:: WORK INSTRUCTION ::
Leaving out all pictures, write down exactly the lines from the one containing "American, WW2 military" through the last line of the material.

:: DATA EXTRACT ::
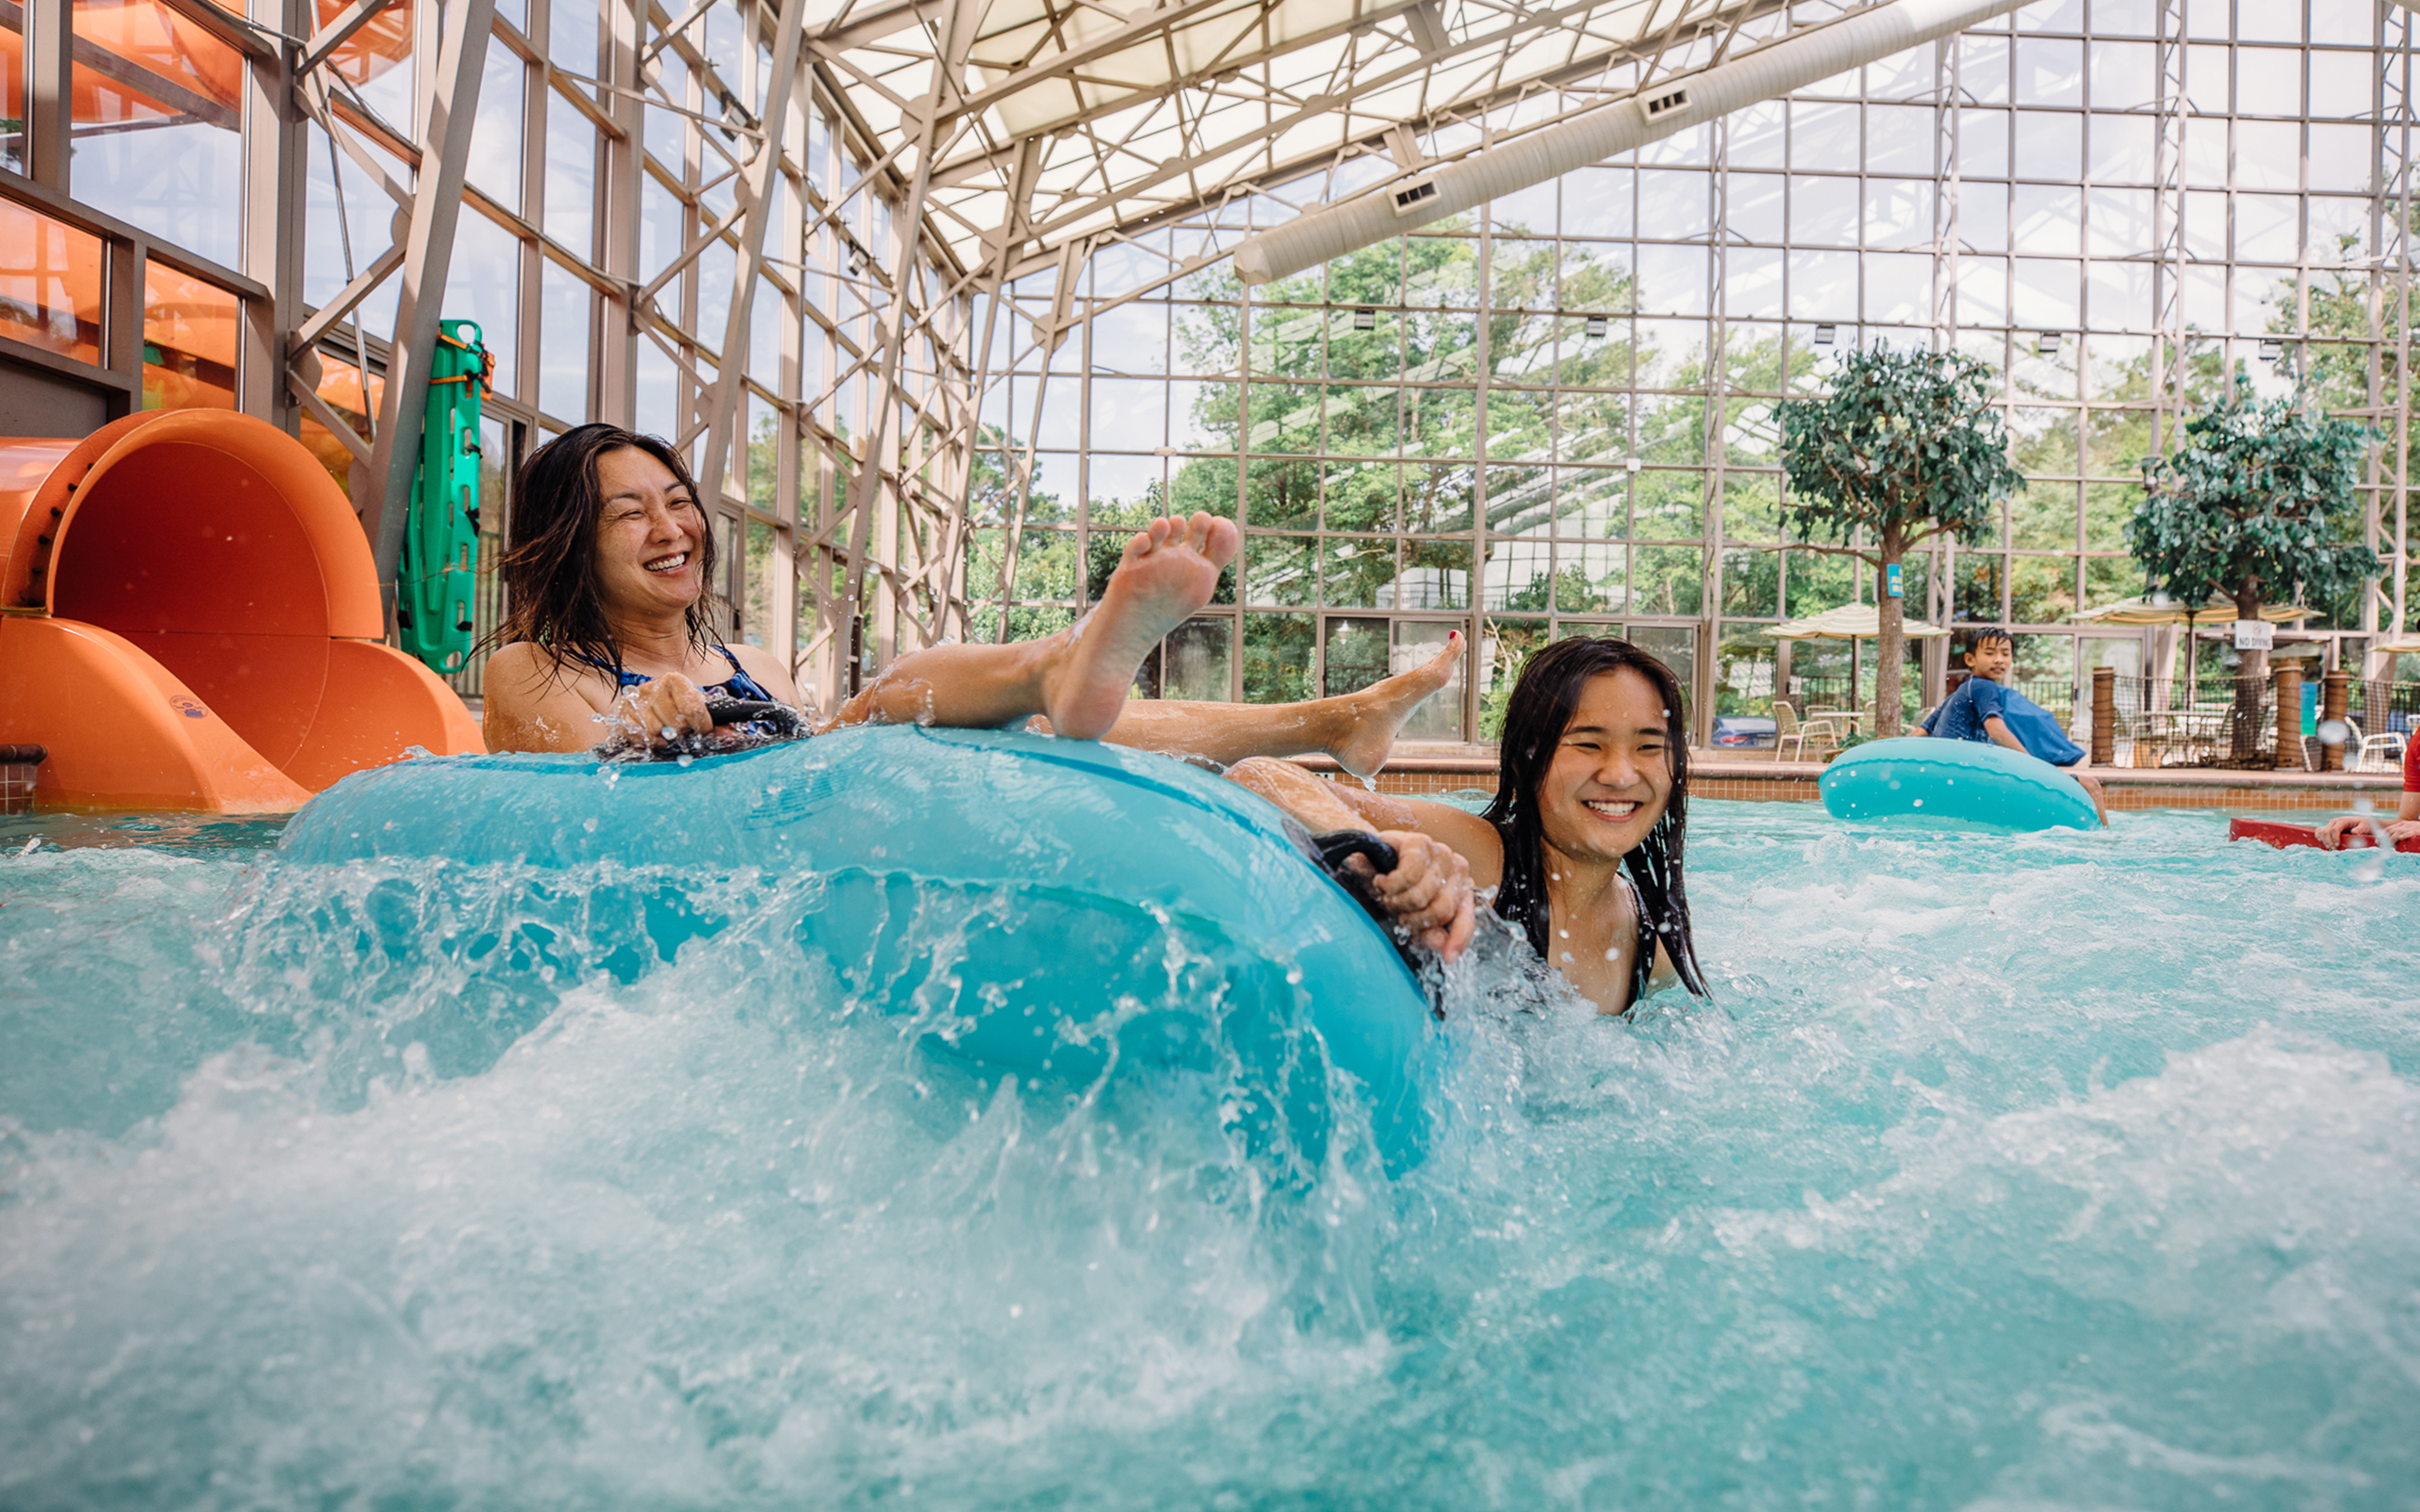 750 Water Park Pictures HD  Download Free Images on Unsplash
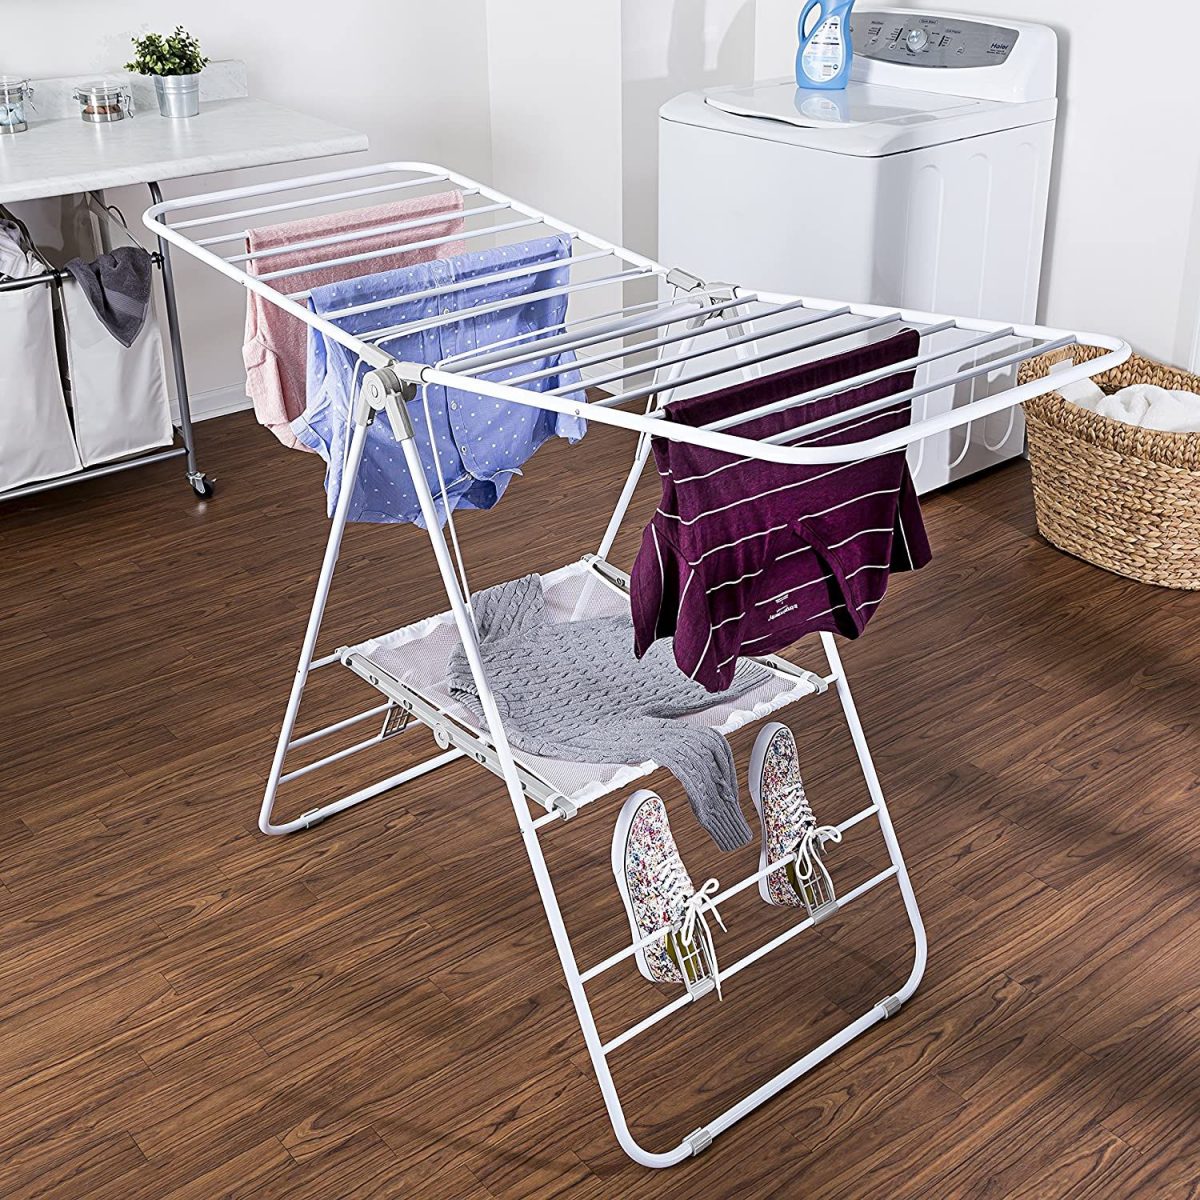 Should You Use Fold-Up Portable Clothes Dryer
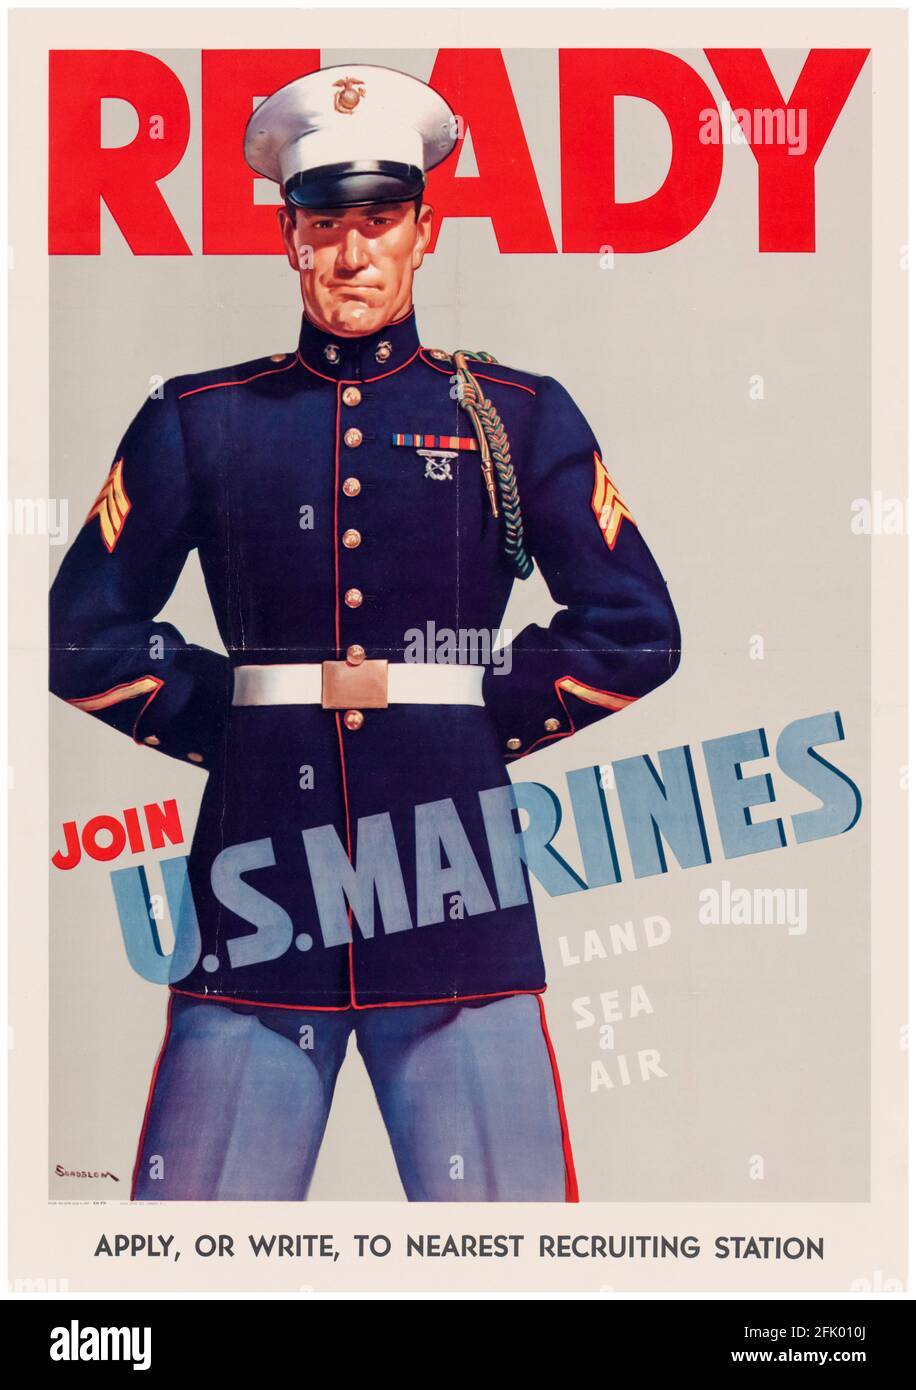 American, WW2 military recruitment poster, Ready, Join US Marines, (USMC), 1942-1945 Stock Photo
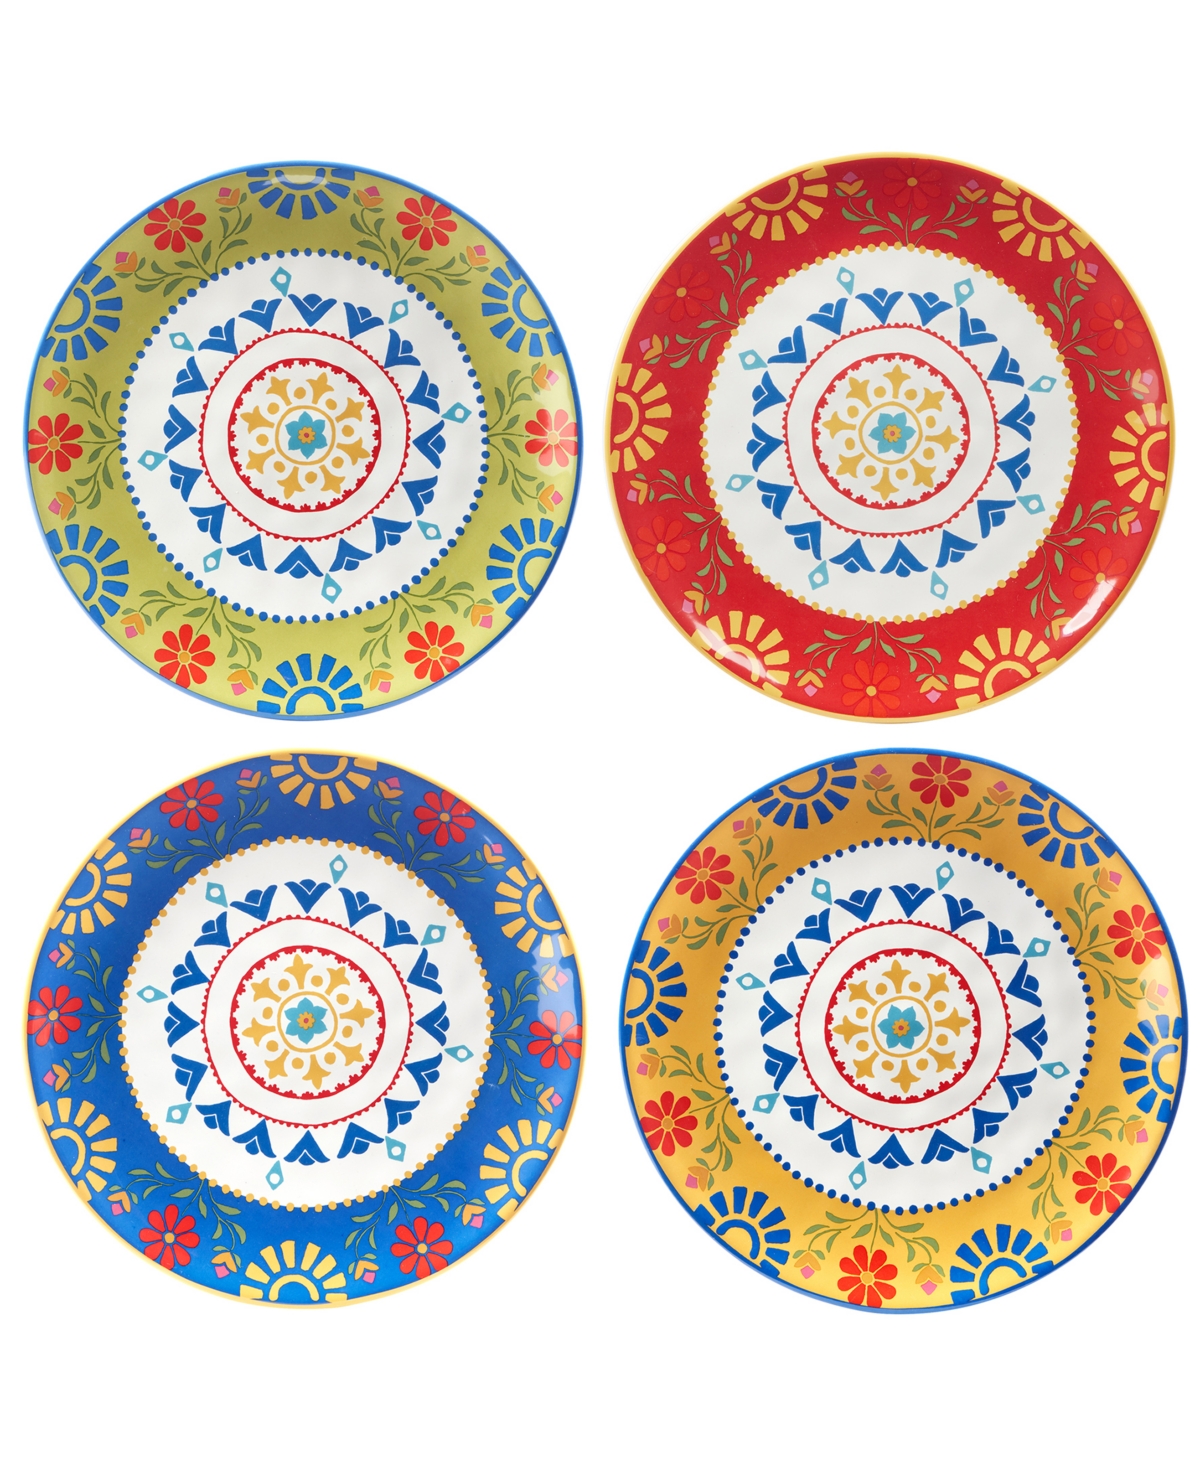 Spice Love Dinner Plates Set of 4 - Miscellaneous

:: REPLY ::
 American, WW2 military recruitment poster, Ready, Join US Marines, (USMC), 1942-1945 Stock Photo
 Spice Love Dinner Plates Set of 4 - Miscellaneous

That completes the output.